Beyin aktivitesini ve göz hareketlerini izleme teknolojisi, bir kişinin sürüş sırasında ne zaman uyuyacağını tespit etmek ve bir kazayı önlemek için onları uyarmak için kullanılabilir.
İngiltere'deki araştırmacılar, gözler hareket ederken beyinde neler olduğunu anlamak için iki yüksek teknolojili aracı (yüksek hızlı göz izleme ve elektroensefalografi (EEG) beyin kaydı) birleştirmek için çalışıyorlar.
Elektroensefalografi, beynin birçok nöronunun elektriksel üfürümlerini kaydetmek için sensörlerin bir kişinin kafa derisine yerleştirilmesini içerir. Araştırmacılar aynı anda göz hareketlerini ölçerken EEG'yi ölçüyorlar.
İngiltere'deki Leicester Üniversitesi'nden sinirbilimci Matias Ison, araştırma ekibinin bir parçası olan “Bu aslında çok zor bir görev, çünkü gözlerimizi her hareket ettirdiğimizde bu, EEG sinyaline çok büyük eserler getiriyor” dedi.

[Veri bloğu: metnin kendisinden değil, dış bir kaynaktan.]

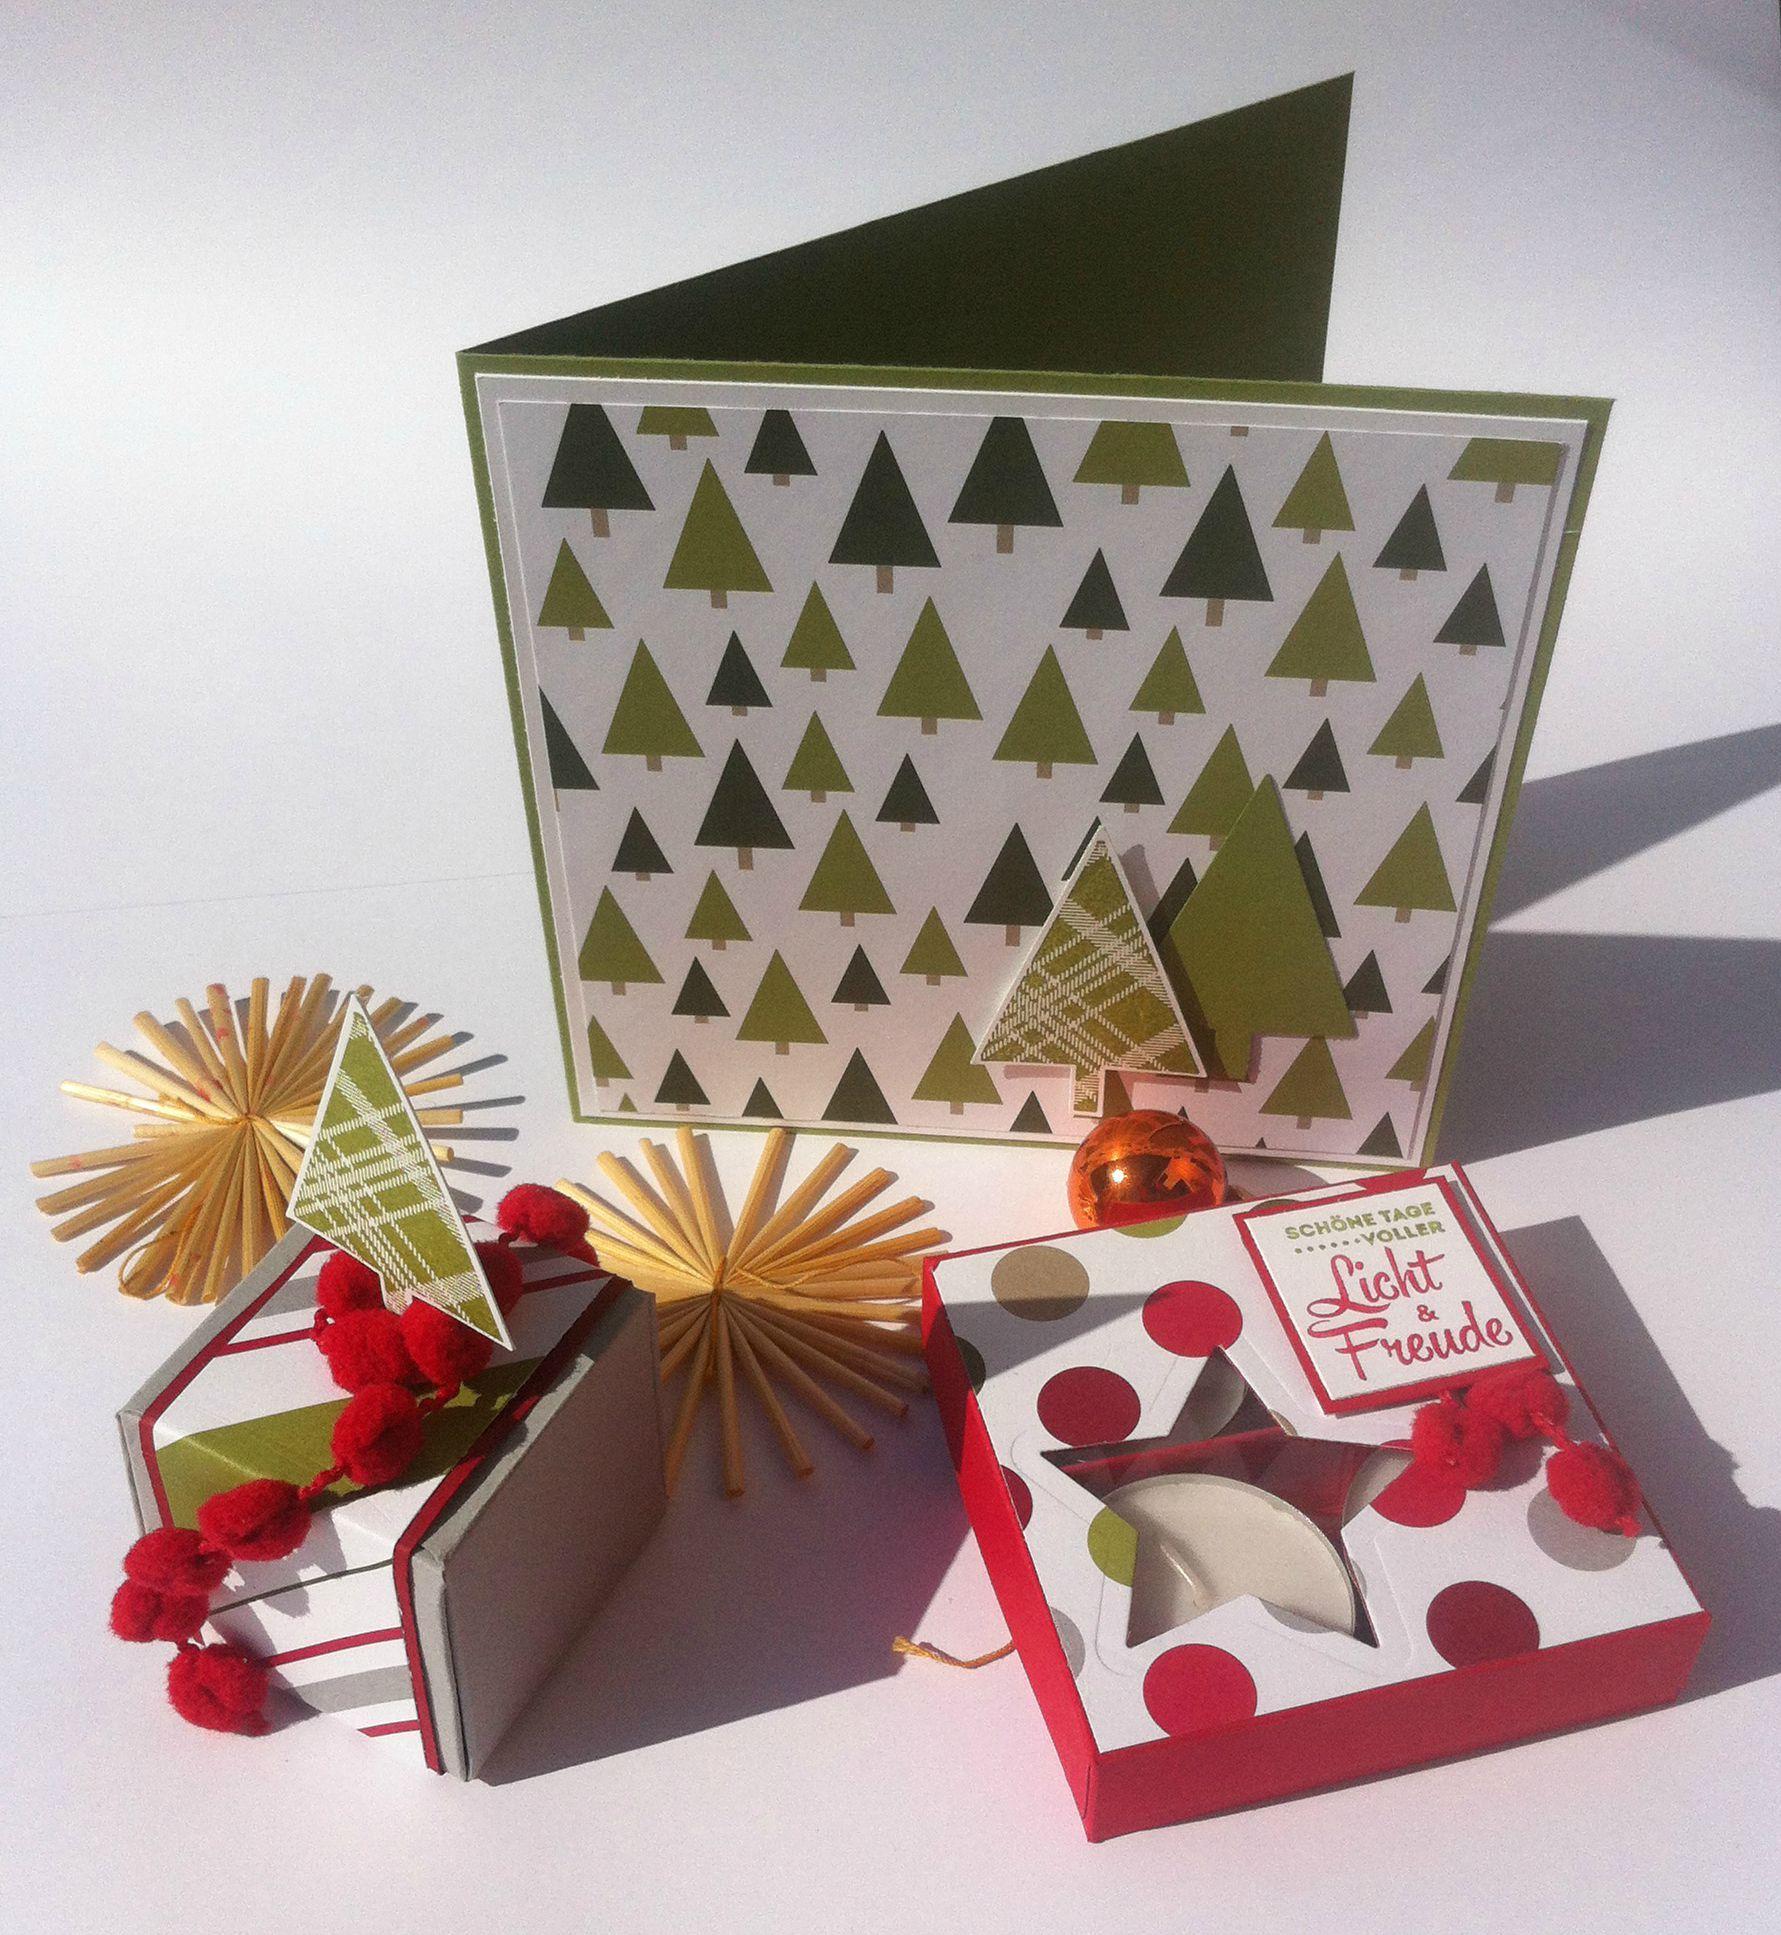 Selbst gemachte Geschenke und Karten sind zur Weihnachtszeit eine besondere Freude. Das Designerpapier Fröhliche Feiertage von Stampin' Up! sorgt mit seinen Mustern und Farben für die richtige Stimmung. #Weihnachten #Geschenk #Karte #Stampinup #DIY #Stempel

Bilim adamları bu teknolojiyi, bir sürücüdeki uyku hali belirtilerini saptamak için, beyin aktivitesinin karakteristik modellerini ve bir kişinin uykuya dalmanın erken evresinde olduğunu gösteren göz hareketlerinin düzensiz kalıplarını araştırmak için kullanabilirler. Gerçekten de, uykulu sürücüleri tespit etmek için göz izleme kullanan sistemler zaten geliştirilmiştir. Ancak beyin aktivitesini de izleyen sistemler tespiti büyük ölçüde iyileştirebilir.
İngiltere'nin Ulaştırma Bakanlığı'na göre, yorgunluğun İngiltere'de (araştırmanın yapıldığı yer) motor kazalarının yaklaşık yüzde 20'sine neden olduğu tahmin edilmektedir ve Birleşik Devletler ve Avustralya'daki kazalarda da önemli bir rol oynamaktadır.
Beyin ve göz izleme teknolojisi, ciddi hareket engelleri olan insanlara hareketi veya iletişimi geri yüklemeyi amaçlayan beyin bilgisayar arayüzlerini geliştirmek için de kullanılabilir ve aslında bazı sistemler bunları zaten kullanır. Örneğin, motor nöronların ilerleyen dejenerasyonuna neden olan bir hastalık olan amyotrofik lateral sklerozlu (Lou Gehrig hastalığı) insanlar, hastalığın geç aşamalarına kadar göz hareketlerini iyi kontrol altında tuttular. Yetkili, EEG kontrolü ile göz takibinin dahil edilmesinin, beyin bilgisayar arayüzlerinin iyileştirilmesine yol açabileceğini söyledi.
Ancak bu noktada, Ison ve meslektaşları hala göz hareketleri ve beyin aktivitesinin arkasındaki temel mekanizmaları anlamaya çalışıyorlar. Bu mekanizmalar, örneğin, bir kalabalığın içindeki bir arkadaşı tanımak için önemlidir. İnsanlar tanıdık olanı bulana kadar bireysel yüzlere sırayla bakarlar, ama beyin ne yapıyor? Şimdiye kadar, insanlar bu fenomeni, katılımcıların resimlerini göstererek ve hareketin beyin sinyallerinde yaratacağı eserler nedeniyle gözlerini hareket ettirmemelerini söyleyerek incelediler.
Ison LiveScience'a verdiği demeçte, "Beynimizi inceleme şeklimiz ile işlerin gerçekleşme şekli arasında büyük bir boşluk vardı" dedi. Bu boşluğu kapatmayı umduğunu söyledi. Şu anki deneyleri, bir kişinin doğal göz hareketlerini kullanarak bir kalabalığın içinde bir yüz aramasını içeriyor.
İlk EEG 80 yıldan fazla bir süre önce inşa edildi ve bilim adamları bunu son 50 yıldır araştırma ve klinik uygulamalar için kullanıyorlar. Yine de, "gerçekten sadece beynin gerçek yaşam koşullarında doğal görüntülemeyi nasıl çalıştığını anlamaya başlıyoruz."